Satterthwaite guardó silencio. Sir Charles continuó:

—¿Piensa usted como yo o bien está con la opinión pública y cree que el mayordomo es el asesino?

—¿Cómo explica usted lo del mayordomo?

—No he pensado en él. En mi opinión, no tiene la menor importancia. Puedo sugerir una explicación.

—¿Cuál?

—Supongamos que la policía tiene razón: Ellis es un malhechor y trabaja con una banda. Ha logrado el empleo mediante documentos falsos. Luego, Tollie es asesinado. ¿Cuál es la situación de Ellis? Un hombre ha sido asesinado y, en su misma casa, hay un sujeto conocido por la policía y cuyas huellas dactilares figuran en el archivo de Scotland Yard. Naturalmente, lo primero que hace es desaparecer.

—¿Por el pasadizo secreto?

—¡Qué va! Sale de la casa mientras uno de esos policías estaba echando una cabezadita.

—Sí, eso parece lo más probable.

—Bueno, ahora dígame usted cuál es su opinión.

—¿La mía? ¡Oh, es la misma que la suya! El mayordomo me parece una pista falsa. Creo que sir Bartholomew y el pobre Babbington fueron asesinados por la misma persona.

—¿Por uno de los invitados?

—Sí, por uno de los invitados.

Durante unos instantes, los dos hombres guardaron silencio. Al fin, Satterthwaite preguntó:

—¿Quién supone usted que fue?

—¡Por Dios, Satterthwaite! ¿Cómo voy a saberlo?

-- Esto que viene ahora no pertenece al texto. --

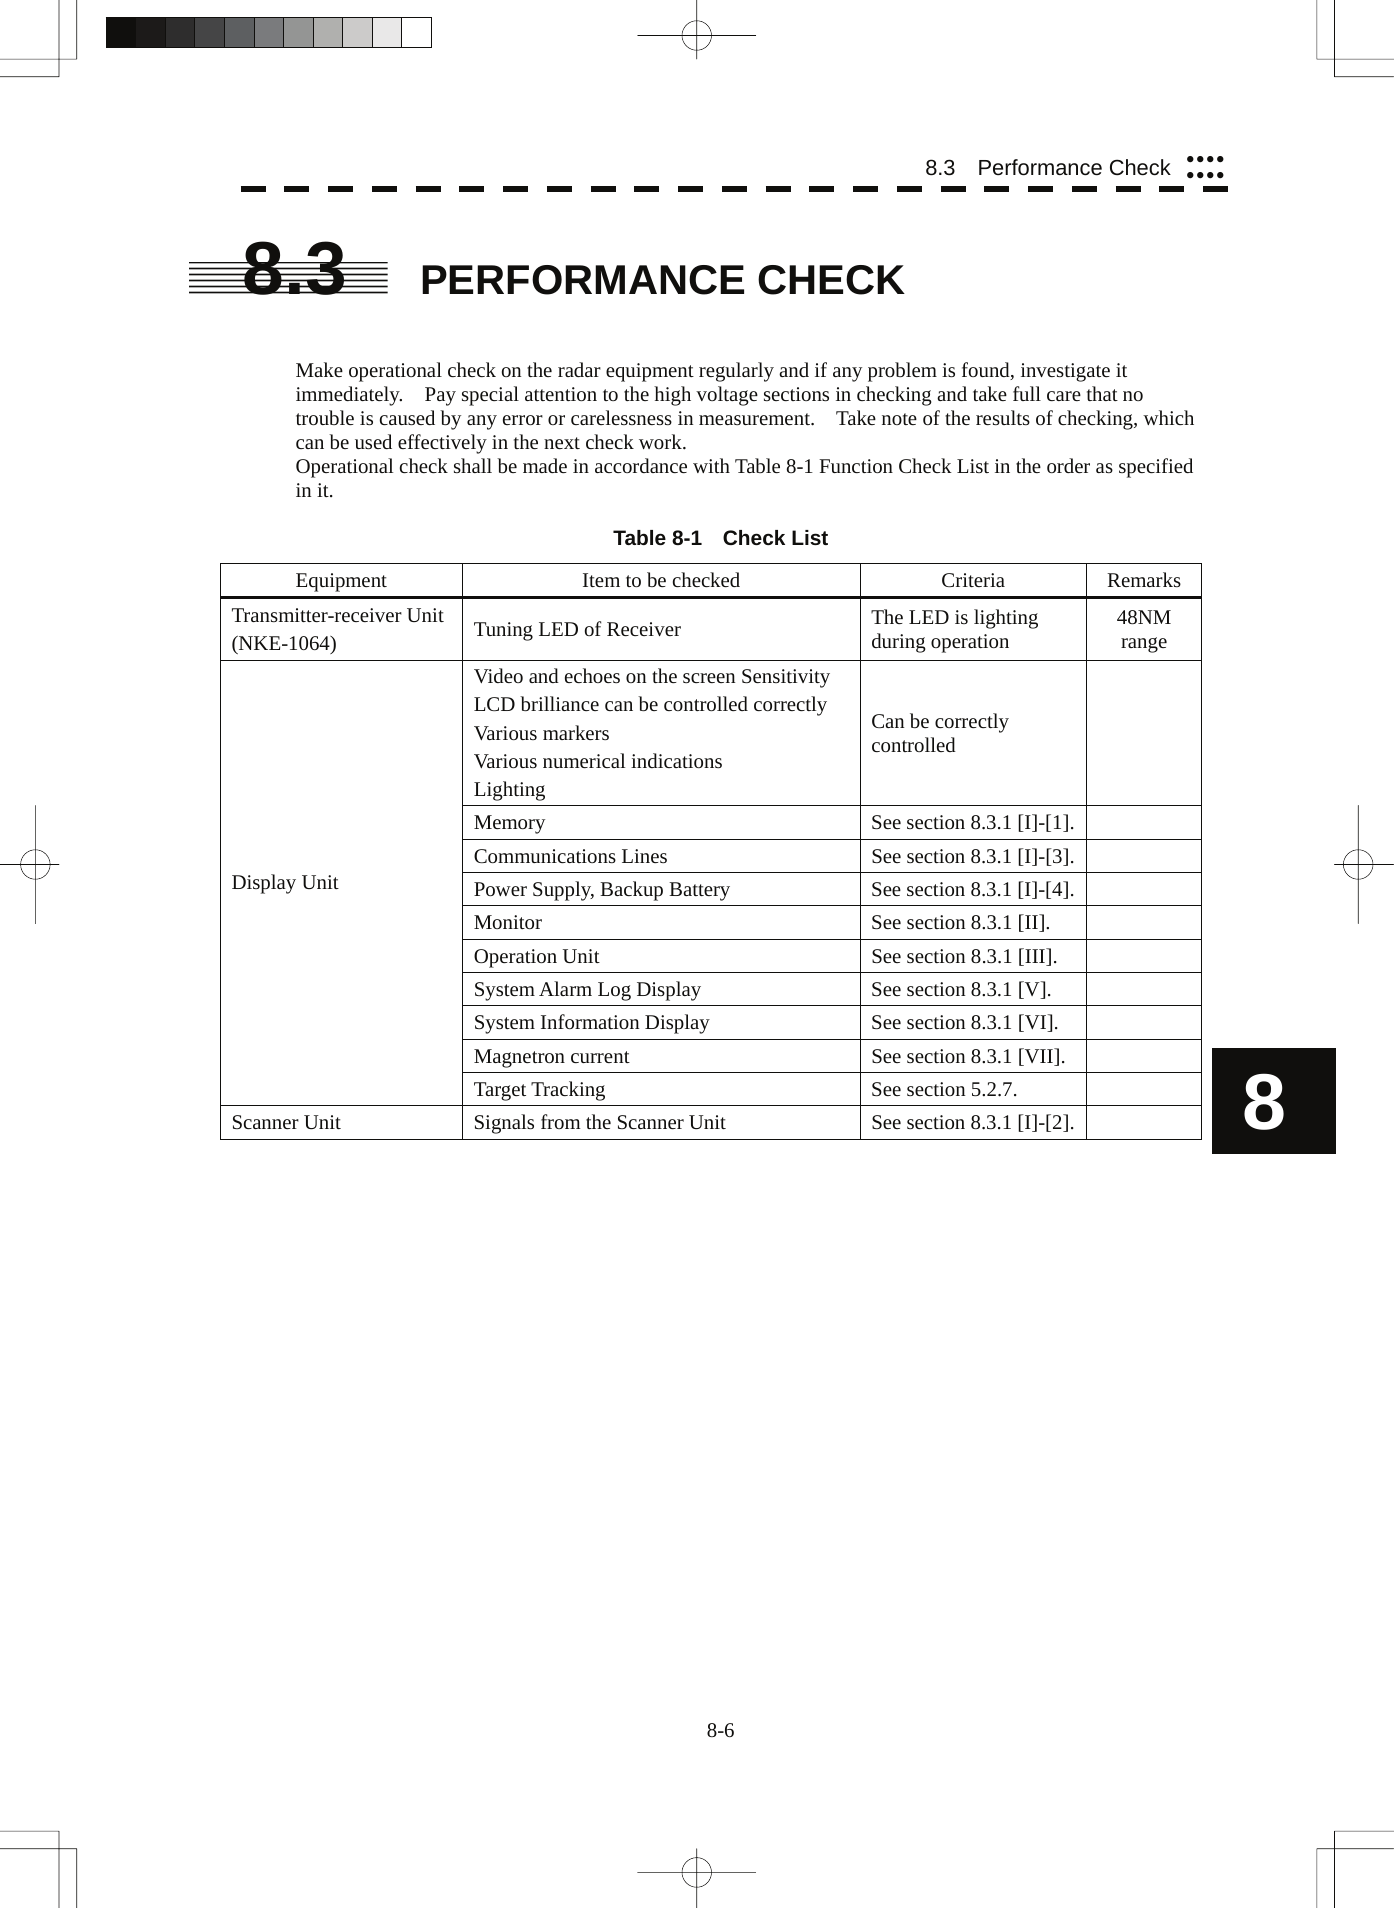  8-6 8.3  Performance Check yyyyyyyy8 8.3 PERFORMANCE CHECK   Make operational check on the radar equipment regularly and if any problem is found, investigate it immediately.    Pay special attention to the high voltage sections in checking and take full care that no trouble is caused by any error or carelessness in measurement.    Take note of the results of checking, which can be used effectively in the next check work. Operational check shall be made in accordance with Table 8-1 Function Check List in the order as specified in it.  Table 8-1  Check List    Equipment  Item to be checked  Criteria  Remarks Transmitter-receiver Unit (NKE-1064)  Tuning LED of Receiver  The LED is lighting during operation  48NM range Video and echoes on the screen Sensitivity LCD brilliance can be controlled correctly Various markers Various numerical indications   Lighting Can be correctly controlled   Memory  See section 8.3.1 [I]-[1].  Communications Lines  See section 8.3.1 [I]-[3].  Power Supply, Backup Battery  See section 8.3.1 [I]-[4].  Monitor  See section 8.3.1 [II].   Operation Unit  See section 8.3.1 [III].   System Alarm Log Display  See section 8.3.1 [V].   System Information Display  See section 8.3.1 [VI].   Magnetron current  See section 8.3.1 [VII].   Display Unit Target Tracking  See section 5.2.7.   Scanner Unit  Signals from the Scanner Unit  See section 8.3.1 [I]-[2].  
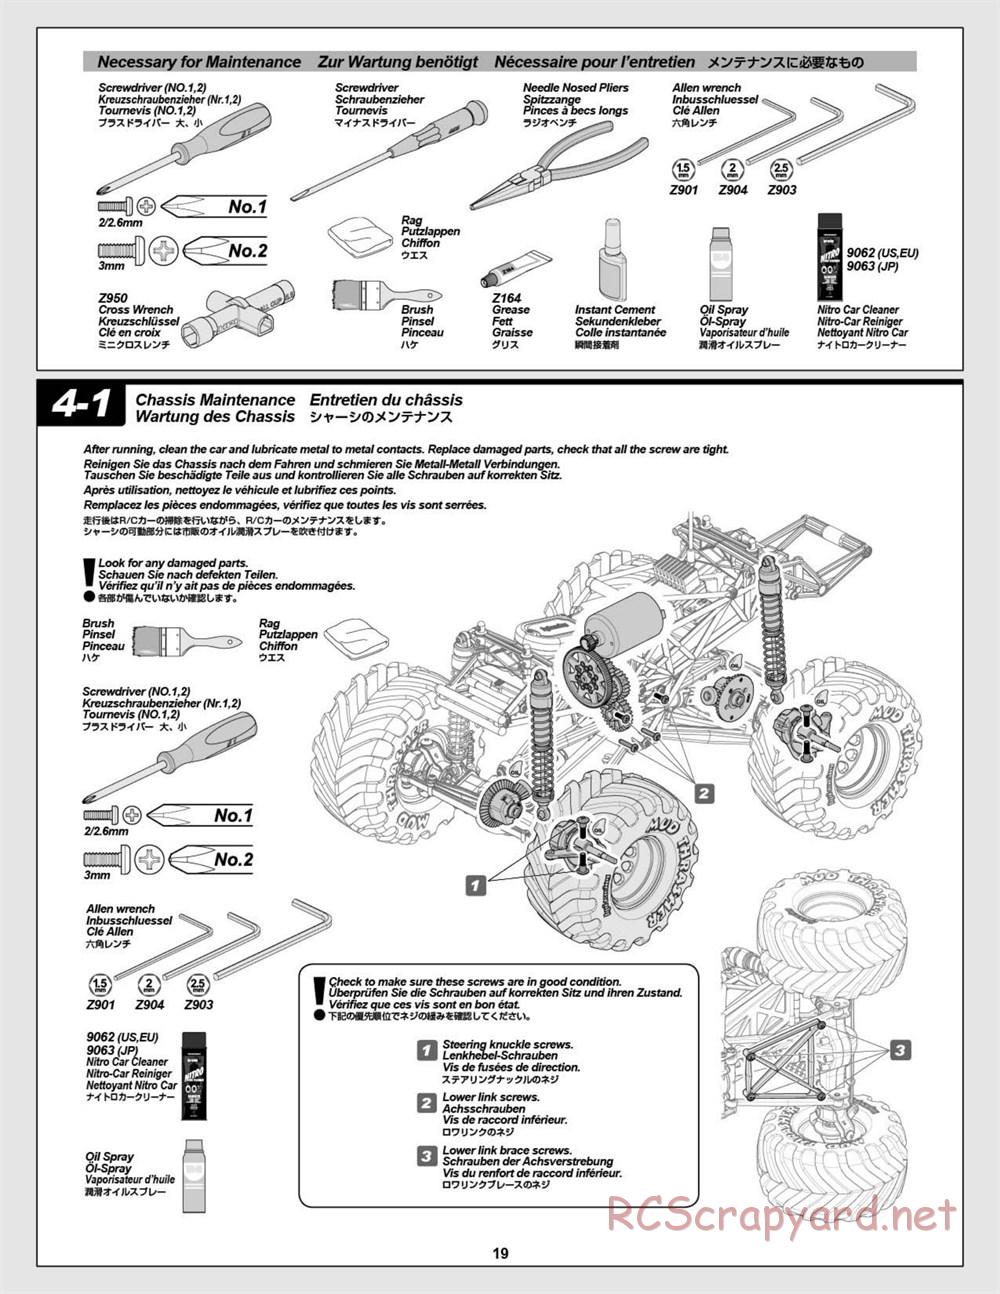 HPI - Wheely King 4x4 - Manual - Page 19

—Así que no lo sabe. Pensé que tal vez tendría usted alguna idea, aunque fuese estrafalaria, alguna sospecha.

—Pues no la tengo. —Se quedó pensativo unos instantes y luego continuó—: Cuando lo pienso detenidamente, creo que ninguno de ellos ha podido cometer ese crimen.

—Me imagino que su teoría es cierta. Debemos descartar a algunas personas definitivamente: la señora Babbington, usted, yo y Manders.

—¿Manders?

—Su entrada en escena fue accidental. No había sido invitado ni se le esperaba, lo que le descarta por completo del círculo de sospechosos.

—También debemos excluir a aquella escritora: Anthony Astor.

—No, esa señorita estaba allí. Es la que se llama Muriel Wills, de Tooting.

—¡Es verdad! Me había olvidado de que se llamaba Wills.

Guardó silencio unos instantes. Satterthwaite era bastante bueno leyendo los pensamientos de la gente. Calibró con mucha precisión lo que estaba pasando por la mente del actor. Cuando éste volvió a hablar, el señor Satterthwaite se congratuló.

—Me parece que tiene usted razón, Satterthwaite. No creo que sir Bartholomew sospechara de nadie en particular, aunque lady Mary y Egg estaban allí. Quizá quiso representar una reconstrucción de la primera muerte. Quizá sospechaba de alguien y quiso que hubiese otros testigos para confirmarlo o algo por el estilo.